Troponin C Das CRISPR-Aktivierungsplasmid (h) ist ein aus drei Plasmiden bestehendes synergistisches Aktivierungsmediator-System (SAM), das für eine hocheffiziente, ortsspezifische transkriptionelle Hochregulation des TNNC1-Lokus in menschlichen Zelllinien entwickelt wurde. Das System basiert auf einem katalytisch inaktiven Cas9 (dCas9), das zwei inaktivierende Mutationen (D10A und N863A) trägt, welche die Nukleaseaktivität eliminieren, während die DNA-Bindung erhalten bleibt. Dieses dCas9 ist mit VP64, einem potenten Transkriptionsaktivator, fusioniert und wird zusammen mit einem Blasticidin-Resistenzgen zur Selektion koexprimiert. Das zweite Plasmid kodiert das MS2-p65-HSF1-Fusionsprotein, einen sekundären Aktivatorkomplex, der zusammen mit dCas9-VP64 wirkt, sowie ein Hygromycin-Resistenzgen. Das dritte Plasmid kodiert für eine zielspezifische 20-nt-sgRNA, die an zwei MS2-RNA-Aptamere fusioniert ist, welche den MS2-p65-HSF1-Komplex an die Aktivierungsstelle rekrutieren, begleitet von einem Puromycin-Resistenzgen. Die drei Plasmide werden im Massenverhältnis 1:1:1 verabreicht, um eine ausgewogene Expression aller Systemkomponenten zu gewährleisten.

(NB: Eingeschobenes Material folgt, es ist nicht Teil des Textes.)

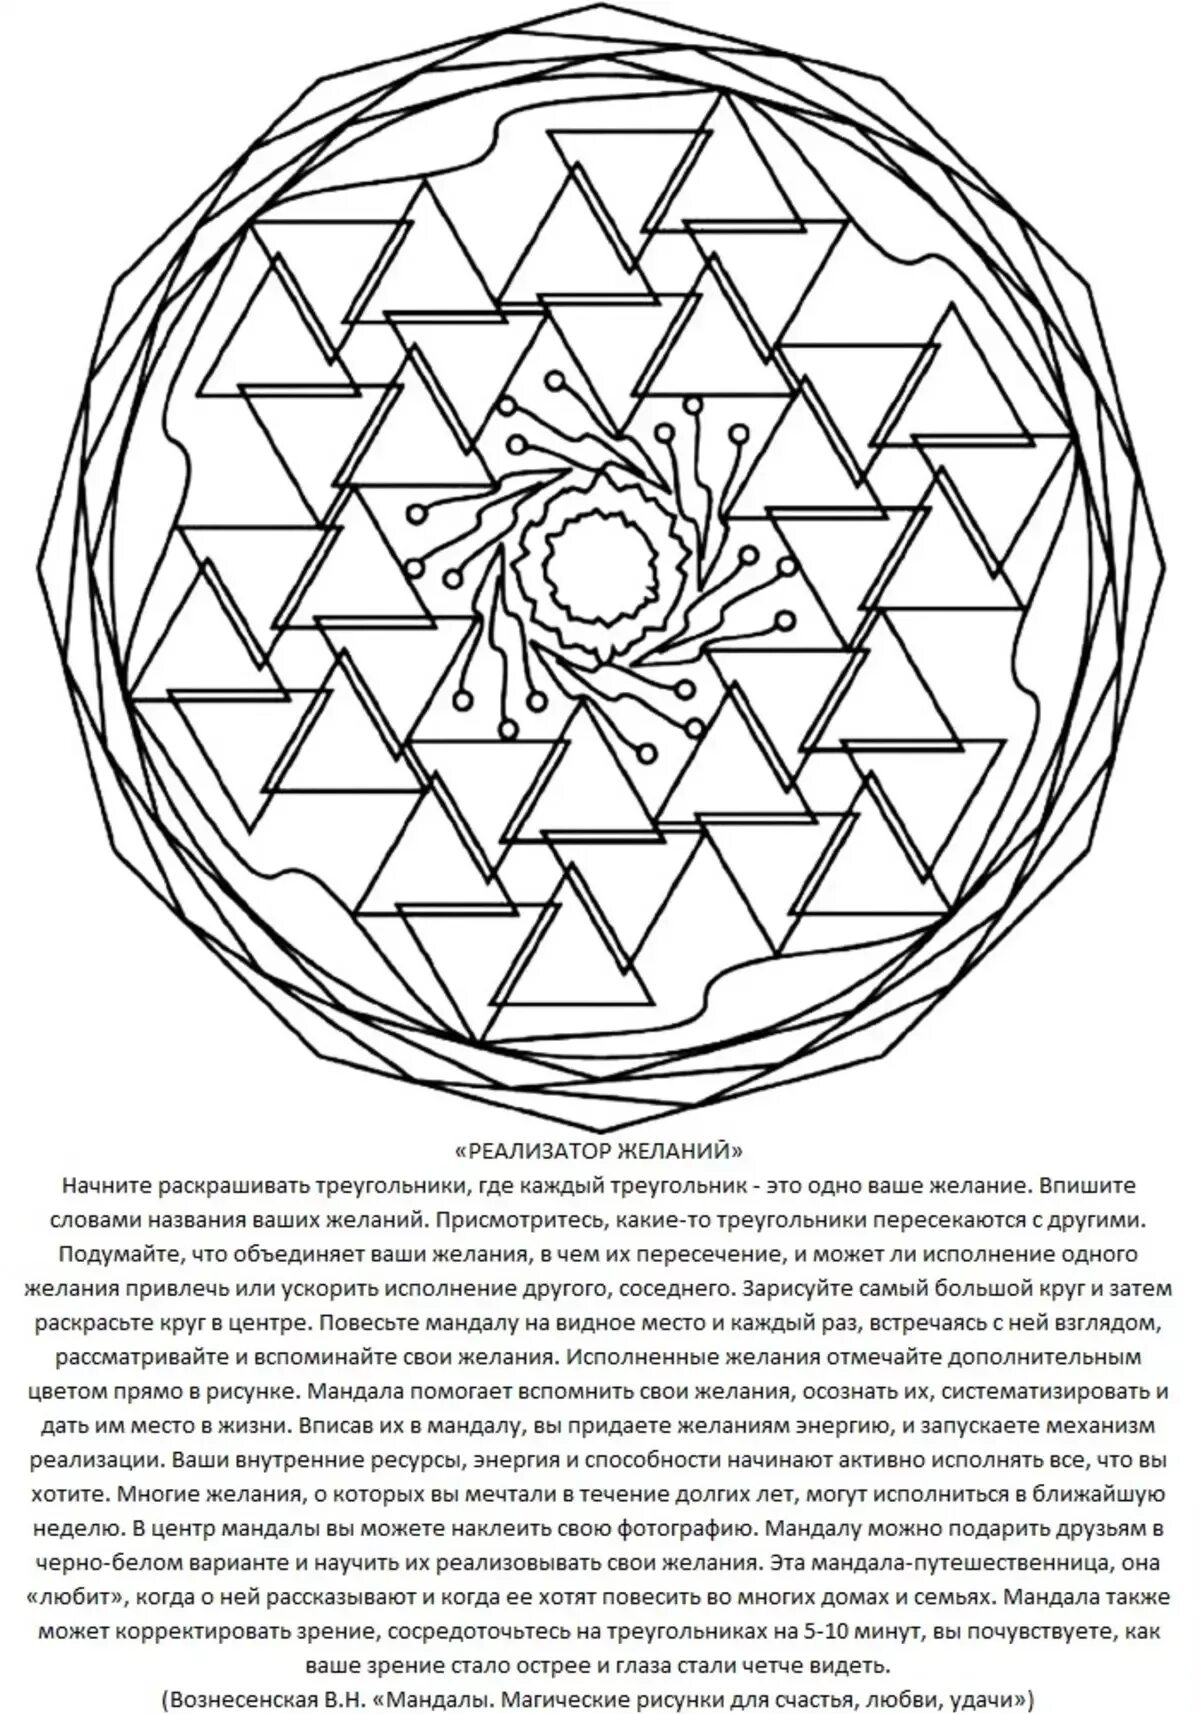 Mandala of desires fulfillment of desires #8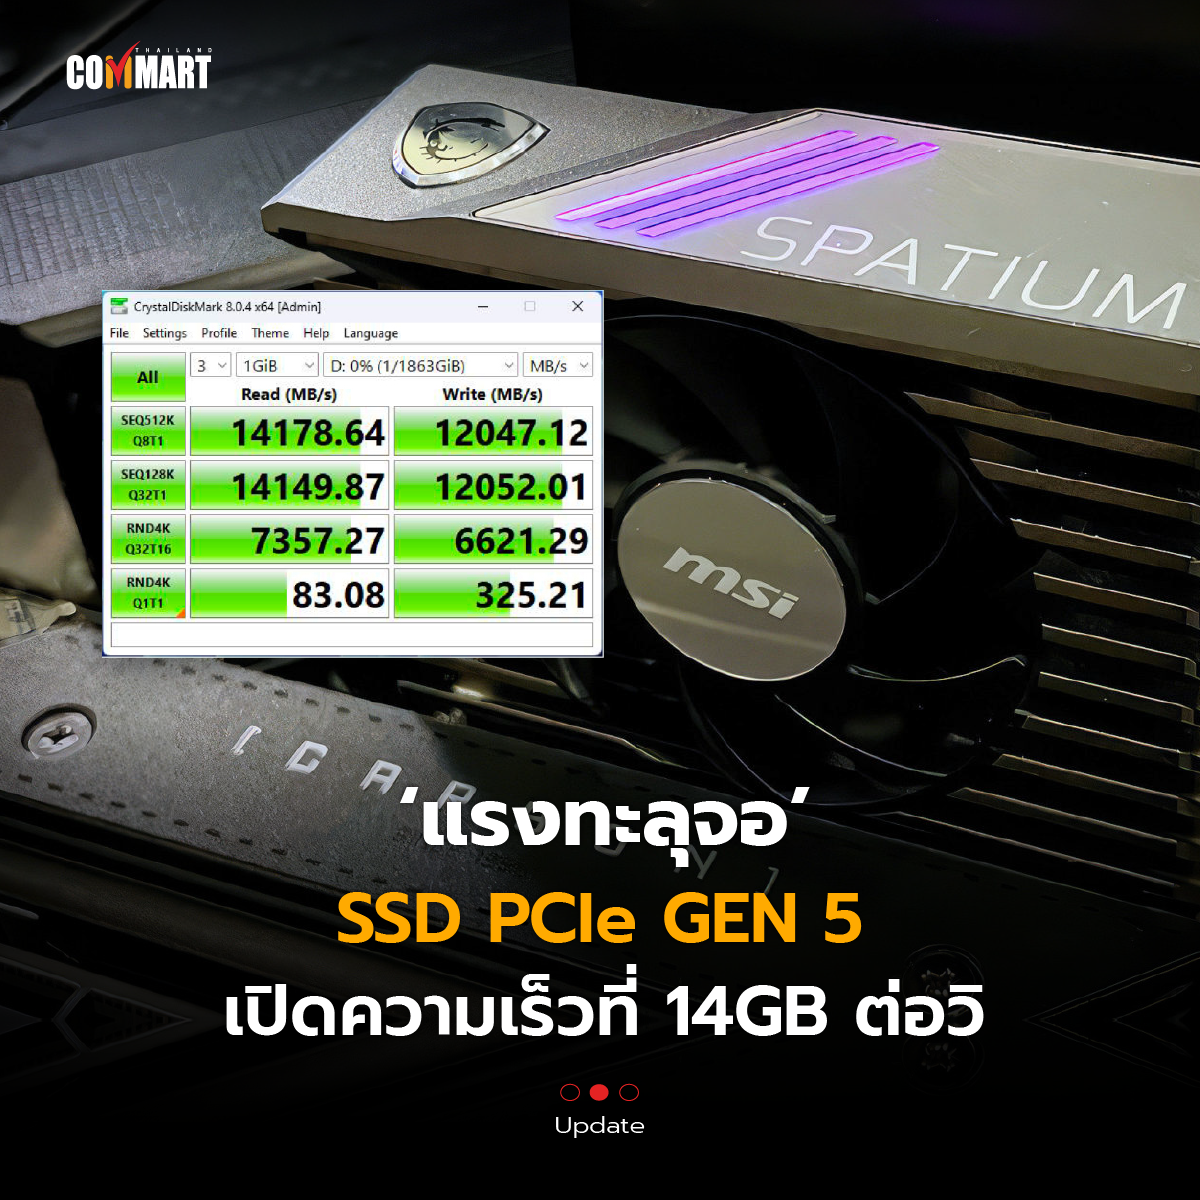 แรงทะลุจอ SSD PCIe GEN 5 เปิดความเร็วที่ 14GB ต่อวิ

Nach der Assemblierung am Zielort bindet der SAM-Komplex etwa 200 bp stromaufwärts der TNNC1-Transkriptionsstartstelle, wo VP64, p65 und HSF1 gemeinsam die Transkriptionsmaschinerie rekrutieren und die Hochregulation der endogenen Troponin C-Expression vorantreiben. Im Gegensatz zu nukleaseaktivem Cas9 verursacht dCas9 keine Doppelstrangbrüche und verändert die genomische Sequenz nicht, wodurch der native TNNC1-Locus erhalten bleibt und die Untersuchung von Troponin C-abhängigen Transkriptionsreaktionen am endogenen Locus ermöglicht wird. Dies macht es zu einem wertvollen Werkzeug für Funktionsstudien, die Identifizierung von Zielgenen und die Modellierung der Wiederherstellung des Troponin C-Signalwegs in Tumorzellen mit stillgelegtem oder reduziertem TNNC1-Ausdruck.
Nur für Forschungszwecke. Nicht für diagnostische oder therapeutische Zwecke bestimmt.